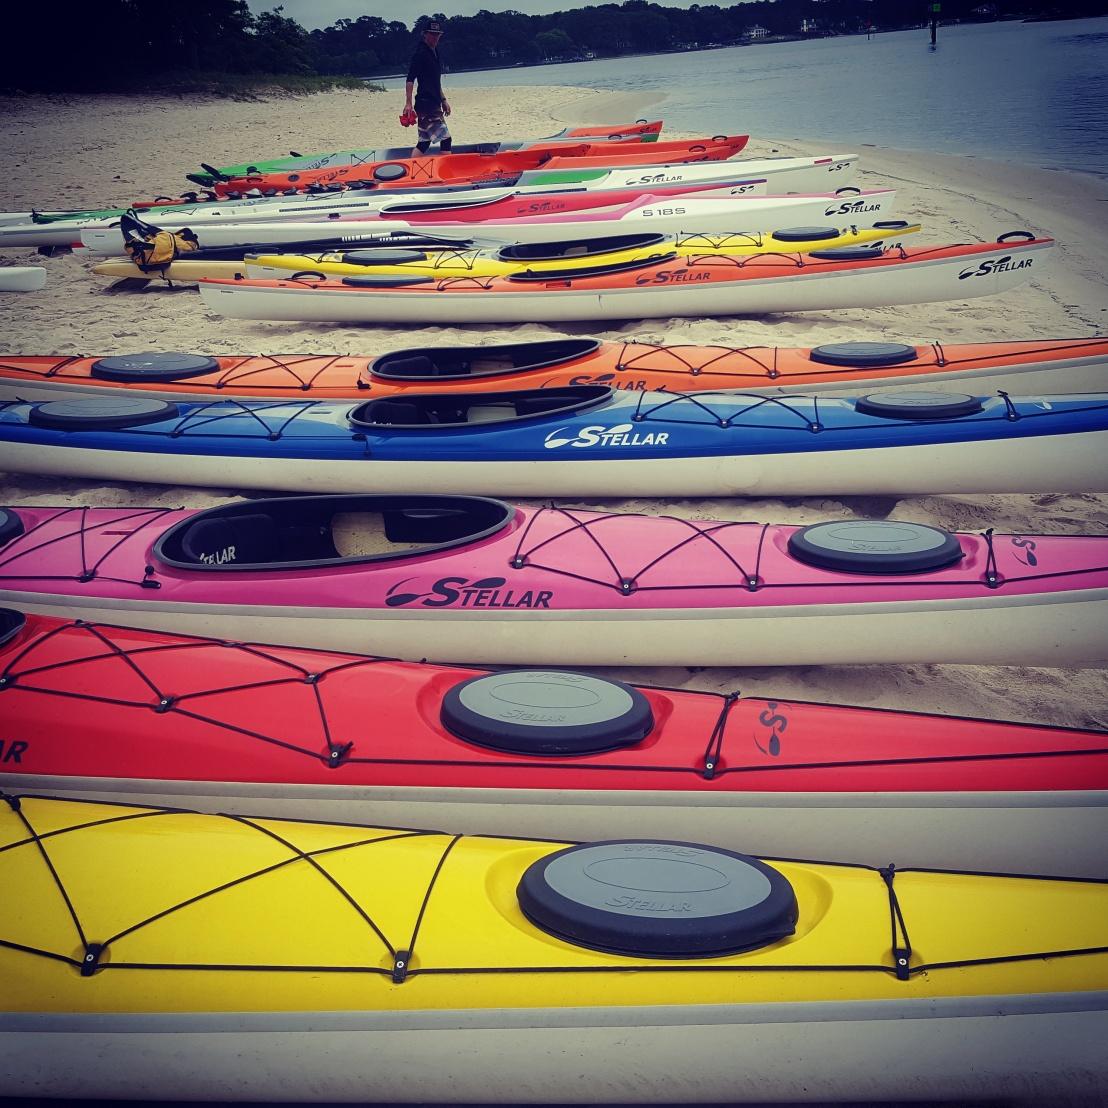 Stellar Sea Kayaks
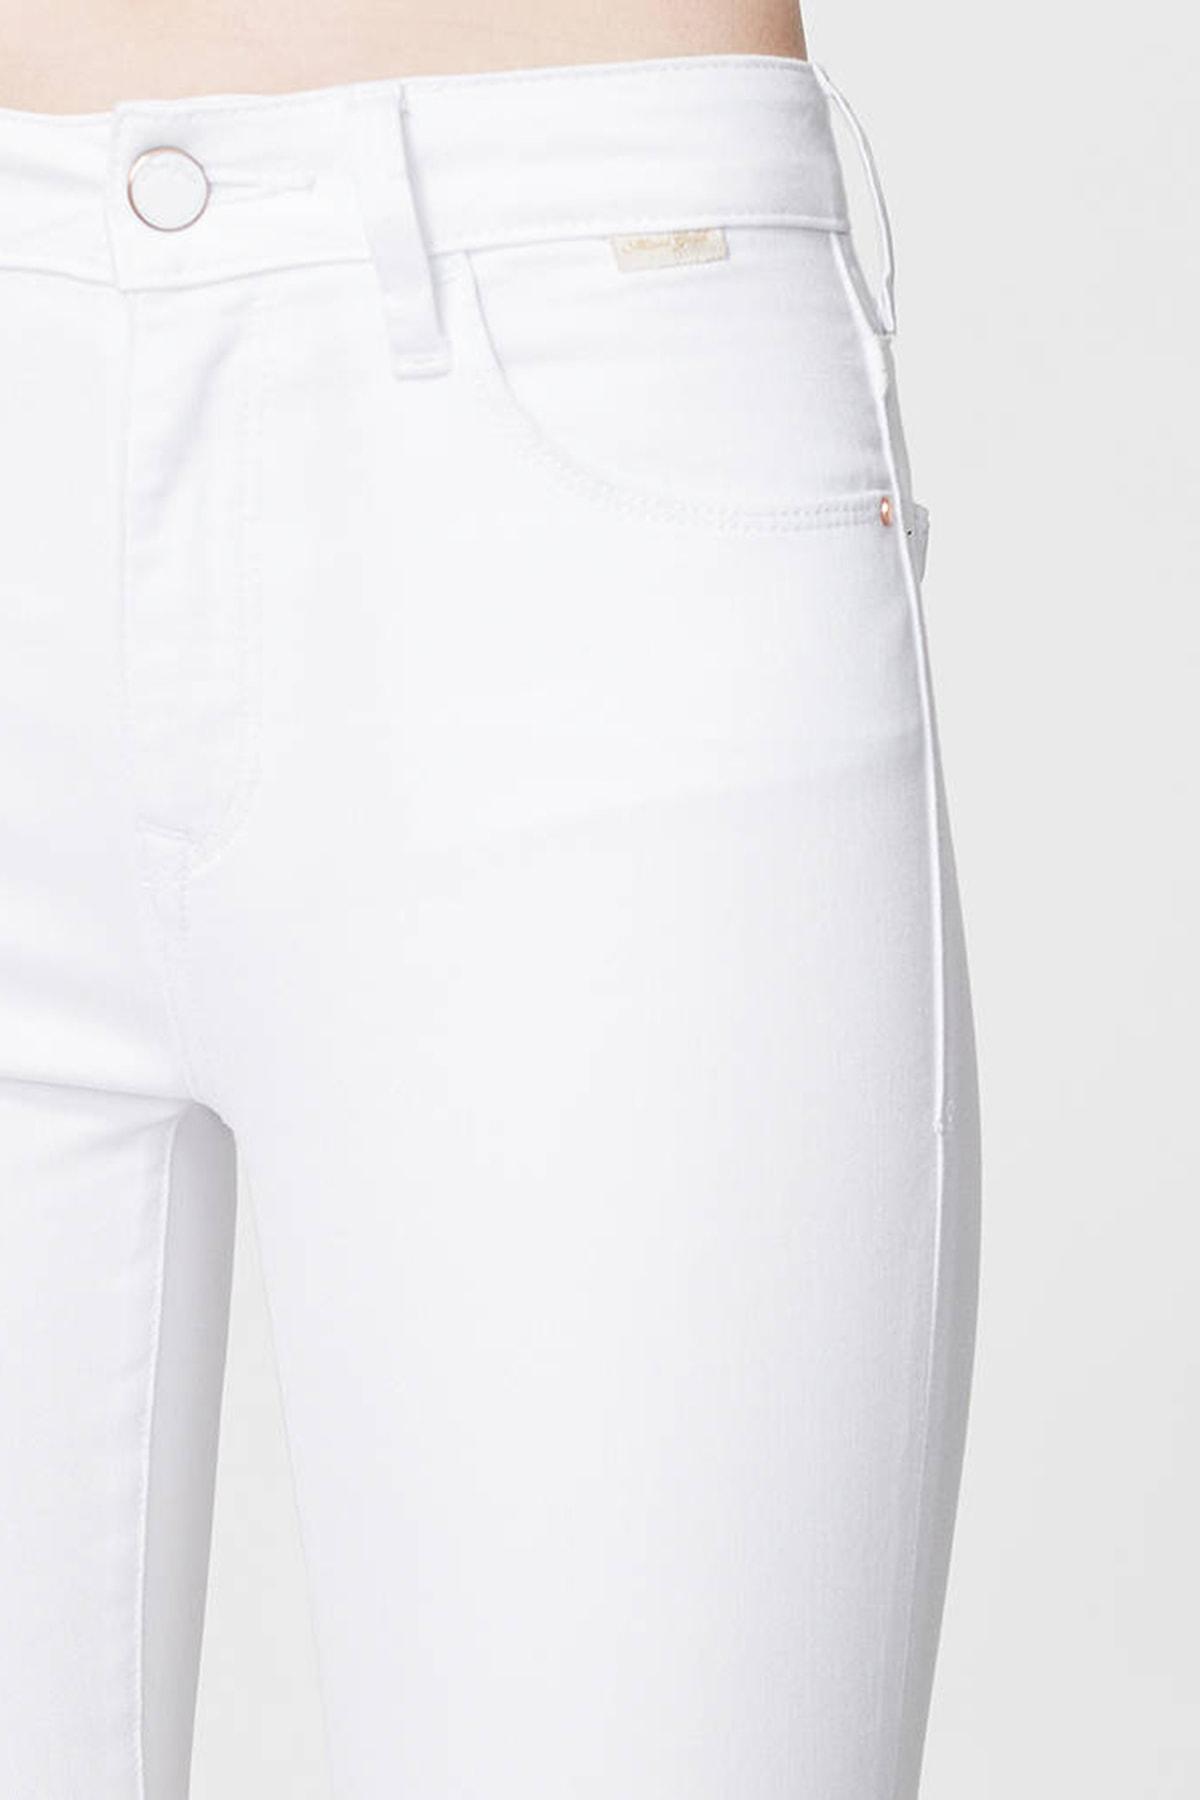 Mavi Kadın Tess Gold Beyaz Jean Pantolon 100328-28143 3
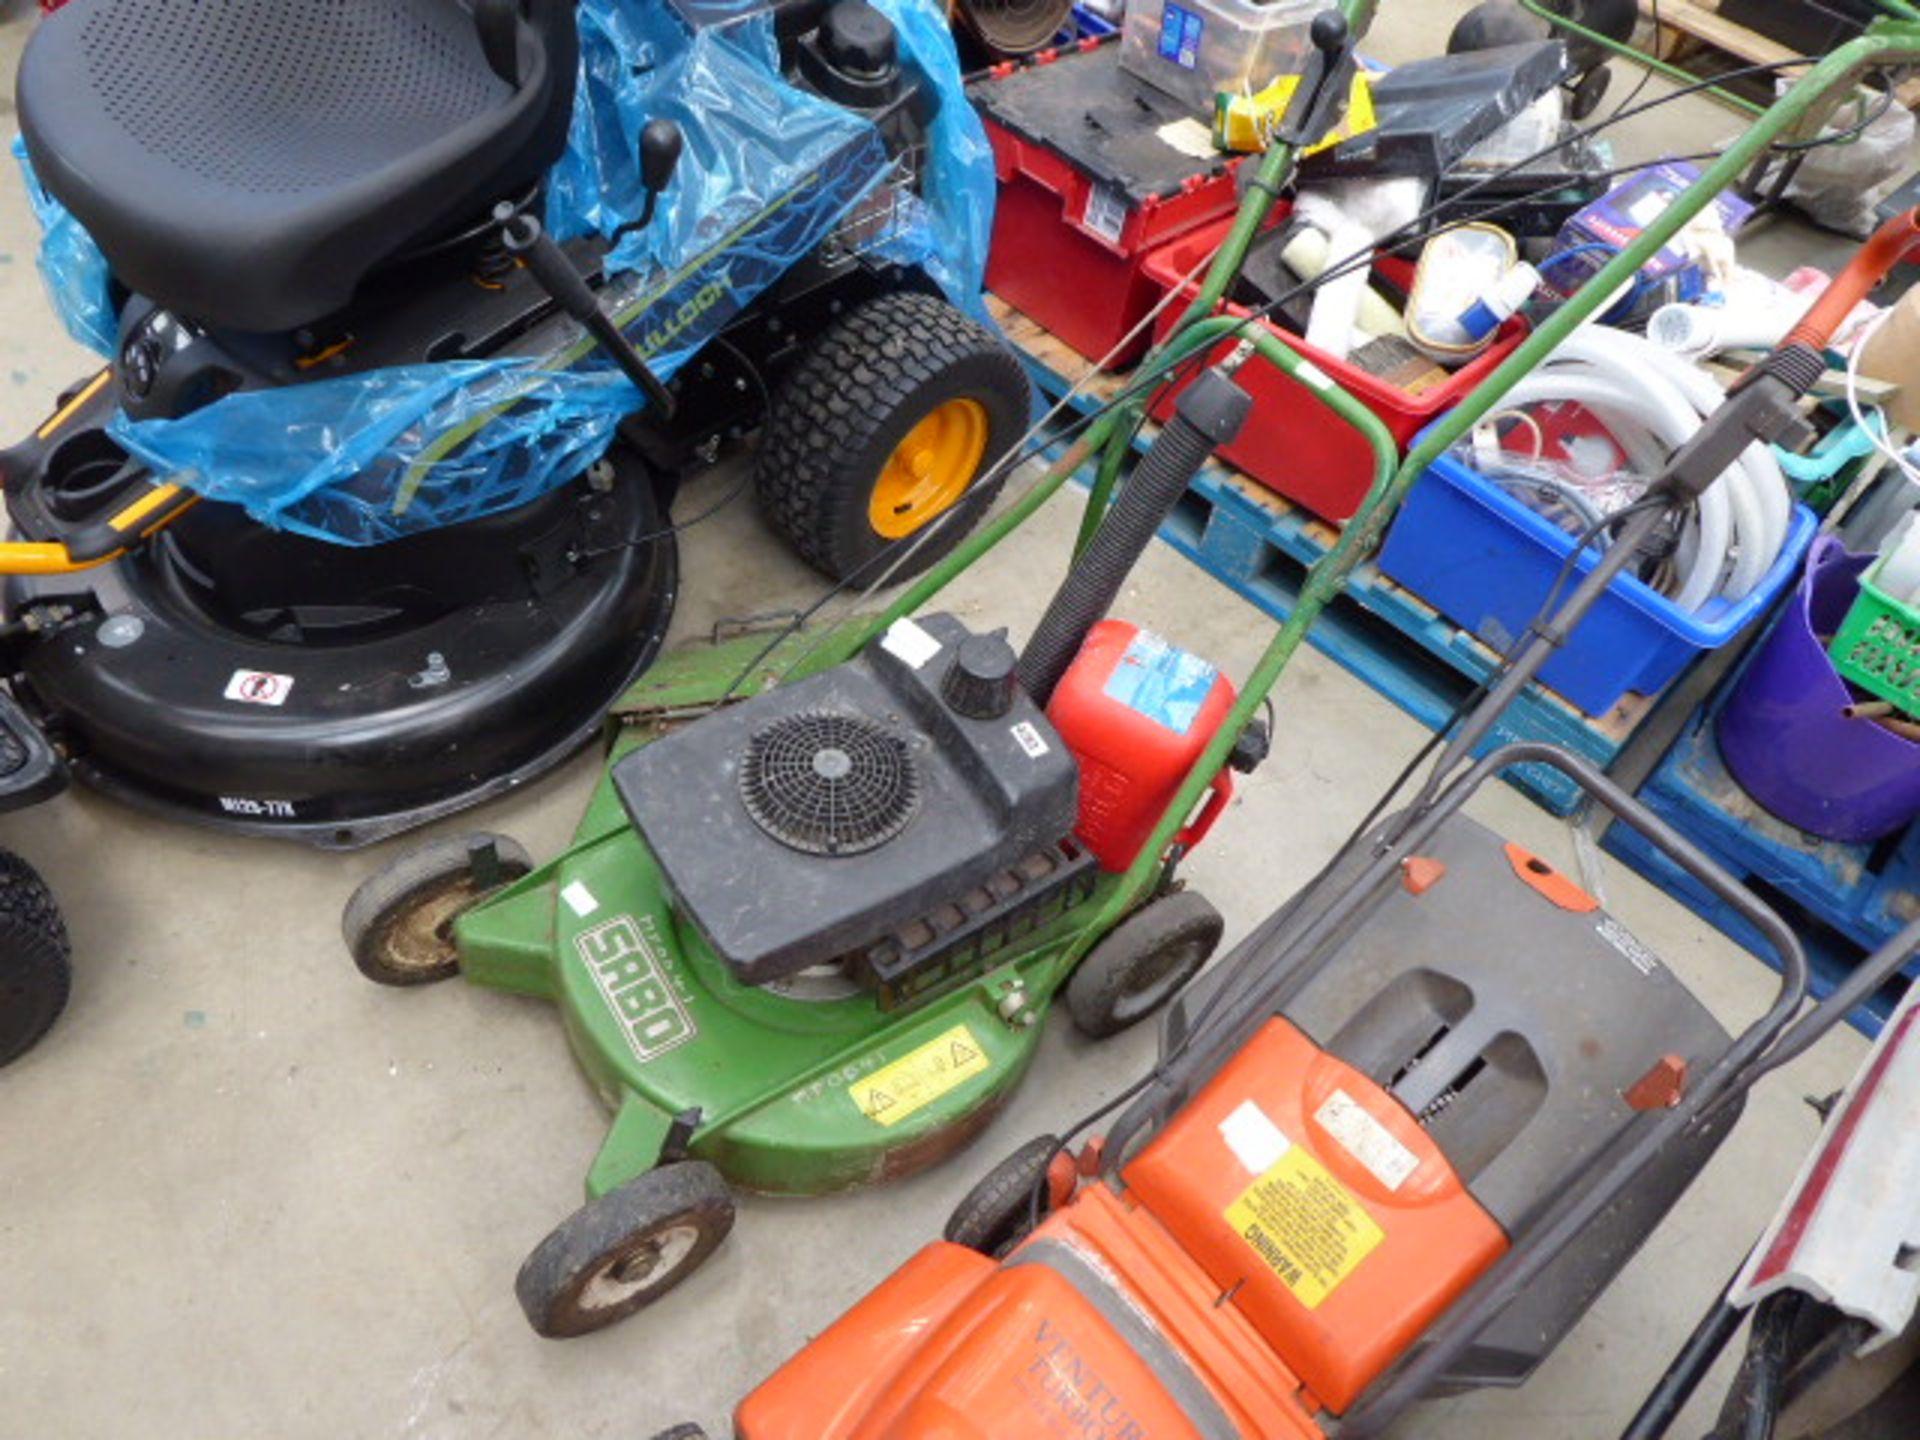 Lot 4283 - Sabo petrol powered rough cut mower

Problem
Repeat all the material exactly, but keep pictures out of the copy.

Task output
 Stellar Sea Kayaks
 Mavi Kadın Tess Gold Beyaz Jean Pantolon 100328-28143 3
 Lot 4283 - Sabo petrol powered rough cut mower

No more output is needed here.